The night before she hadn’t been so confident, running through the woods from a knife-wielding man in black. She hadn’t been so sure of her safety sleeping in her car, her driver missing, the mud drying on her clothes. But somewhere between what she would come to call the second-worst night of her life and that morning she regained enough composure to return home and let me get started. I didn’t know where this would-be killer had come from. Was he a danger from without, or within?
Still, there were more people outside her manor than in it, and the ones inside, she insisted, were more trustworthy than anyone else, so I let her return home in her over-sized black Mercedes driven
by the other driver. The trustworthy one, evidently. The lucky one, perhaps?
I was leaning back in my desk chair, staring at the ceiling when Jenna stepped in my office. “Am I allowed to know what’s going on?” she asked.
I wasn’t looking at her, but I pointed at her still. “Jenna, you cannot tell anyone what this case is about.”
“Not a soul,” Jenna replied.
I turned from the ceiling to her as she sat in my chair. I leaned on my elbows against the desk. “I’m serious about this one, Jenna, lives hang in the balance.”

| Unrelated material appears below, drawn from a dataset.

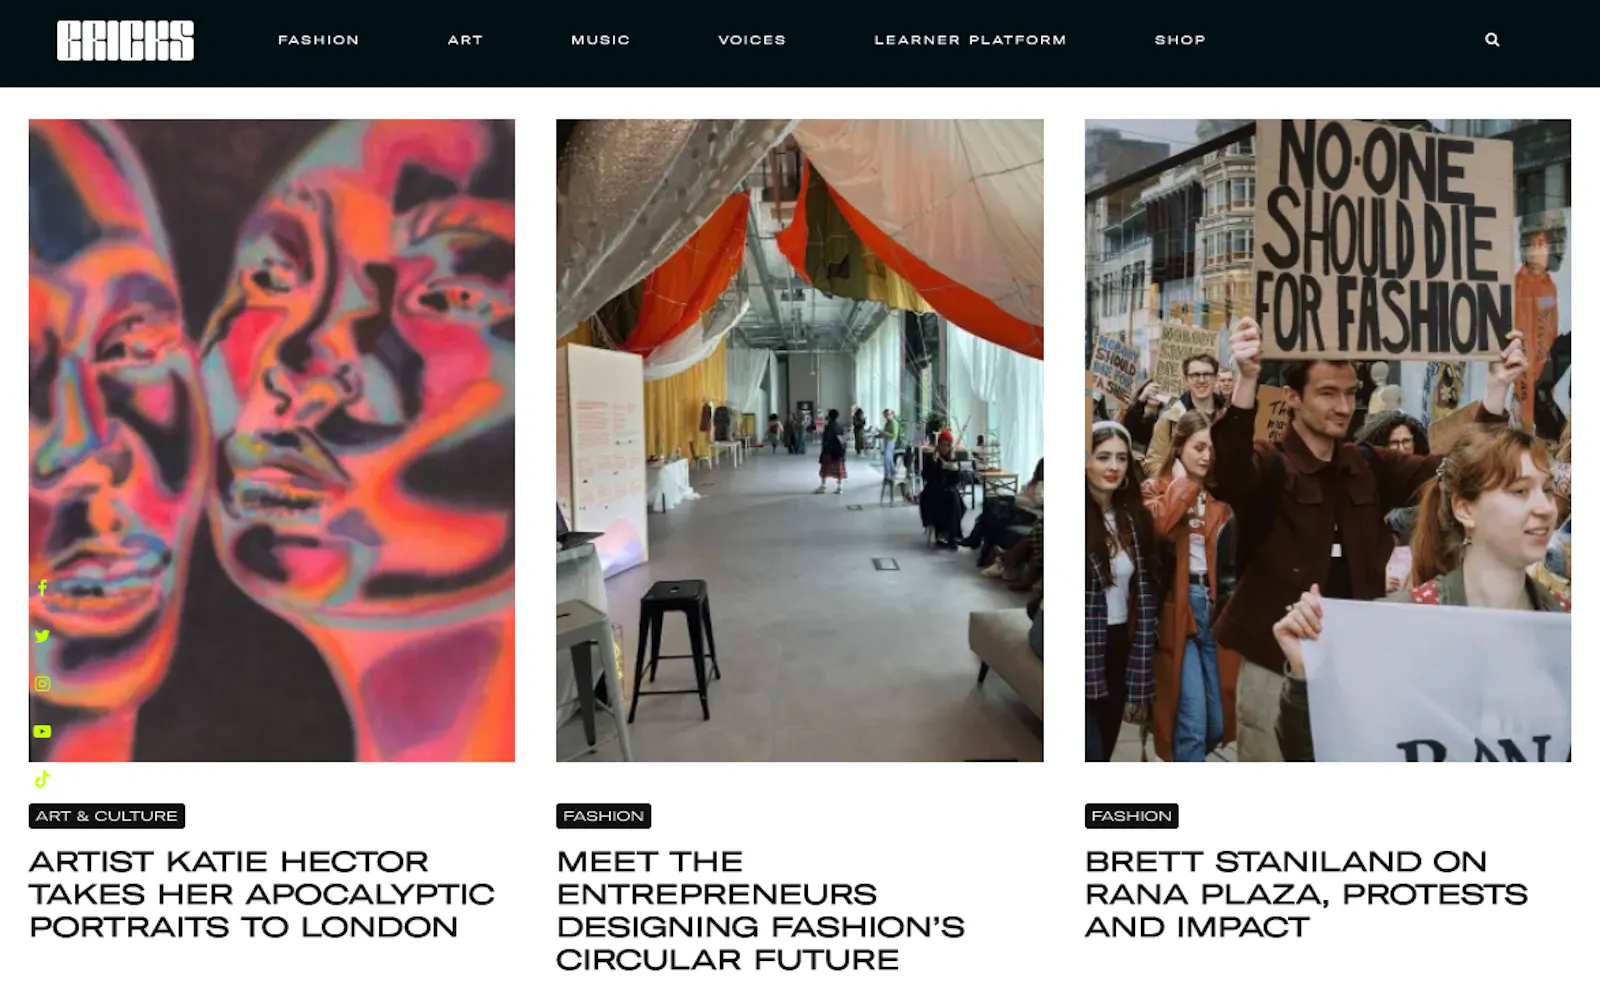 Examples of stories on theBRICKS Magazine website. Topics include photography, fashion and labour rights.

“Mine, or Mrs. Campbell’s?”
“If this is as bad I think it might be…” I didn’t need to continue. Jenna’s eyes were wide with youthful disbelief. “I haven’t handled a case like this in a while. But one thing I’ve learned is when a grown woman tells you someone is trying to kill her, you take her seriously.”
“That explains the mud on her skirt.”
“It was some guy in black clothes, chased her through the woods last night. She didn’t know who he was.” Should I have let her go home? Would a professional private eye, one who actually knew what he was doing, have let her leave? These were questions I couldn’t answer then and still can’t answer now. Why should an assassin make a good gumshoe? I tried to keep my betraying poker face from telling Jenna over there how kcuffing terrified I was for her. The little line between her eyebrows told me I was failing. “I’ll start with the driver. Myla said the guy disappeared shortly before the man in black showed up, still hasn’t found him yet.”
“You’re not gonna sleep until this is done, right?”
I sighed. “Probably not. Maybe I’m doing it to myself, maybe not. All I know is, I shouldn’t get my hopes up.”